<문제>
A non-empty array A consisting of N integers is given.
A permutation is a sequence containing each element from 1 to N once, and only once.
For example, array A such that:
A[0] = 4 A[1] = 1 A[2] = 3 A[3] = 2
is a permutation, but array A such that:
A[0] = 4 A[1] = 1 A[2] = 3
is not a permutation, because value 2 is missing.
The goal is to check whether array A is a permutation.
Write a function:
class Solution { public int solution(int[] A); }
that, given an array A, returns 1 if array A is a permutation and 0 if it is not.

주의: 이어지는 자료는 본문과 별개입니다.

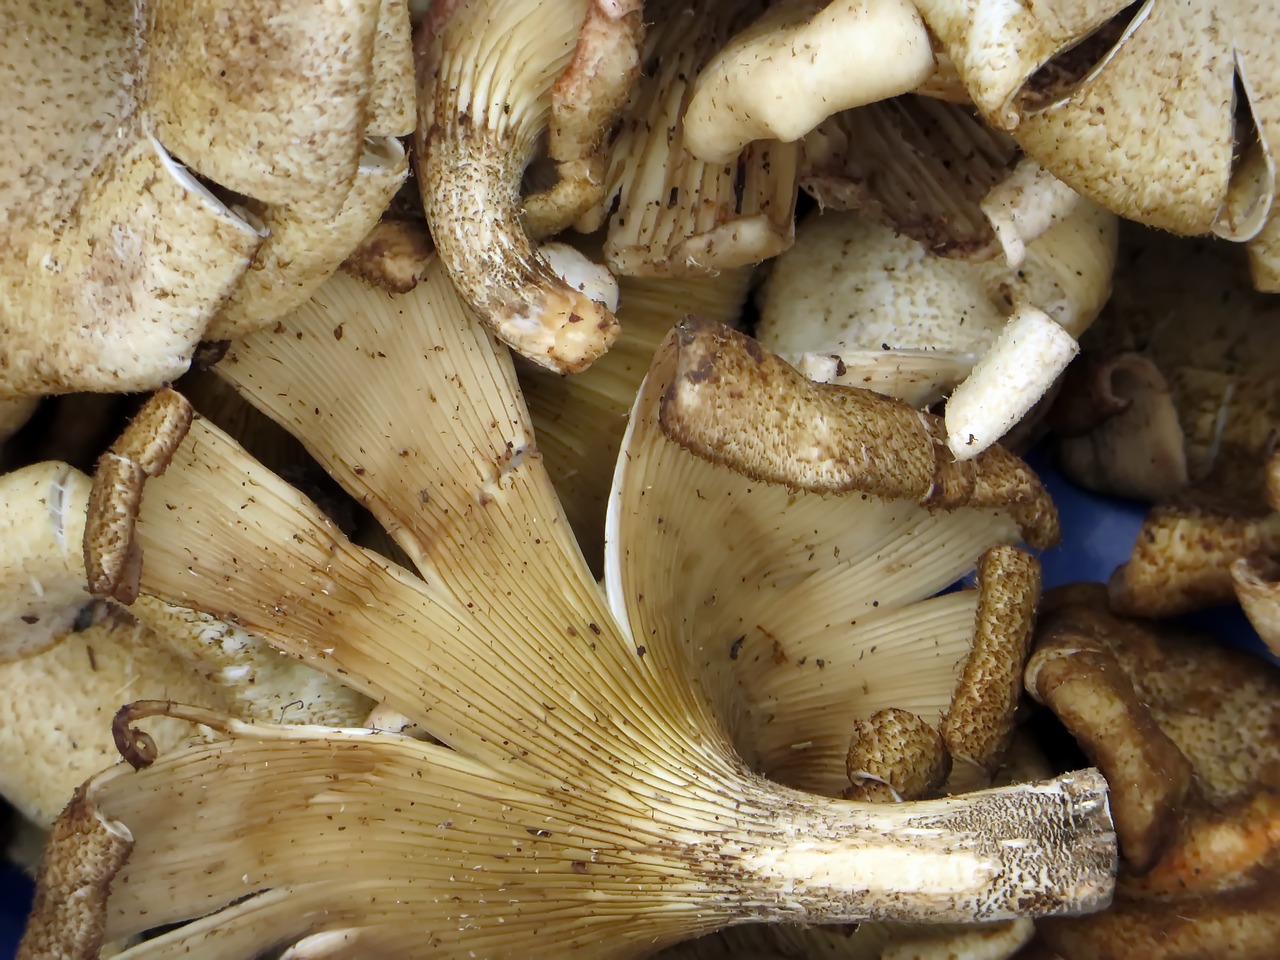 laos market mushrooms free photo

For example, given array A such that:
A[0] = 4 A[1] = 1 A[2] = 3 A[3] = 2
the function should return 1.
Given array A such that:
A[0] = 4 A[1] = 1 A[2] = 3
the function should return 0.
Write an efficient algorithm for the following assumptions:
- N is an integer within the range [1..100,000];
- each element of array A is an integer within the range [1..1,000,000,000]
<성능>
Detected time complexity:O(N) or O(N * log(N))
<답>
public int Solution(int[] A)
{
var list = A.ToList();
list.Sort();
for (var i = 0; i < list.Count; ++i)
{
if (list[0] == 1)
{
if (i != list.Count - 1)
{
if ((list[i + 1] - list[i] > 1) || (list[i + 1] - list[i] == 0))
return 0;
}
}
else
return 0;
}
return 1;
}
<풀이>
- 리스트를 정렬한 다음에, 리스트의 인덱스끼리 비교하였다.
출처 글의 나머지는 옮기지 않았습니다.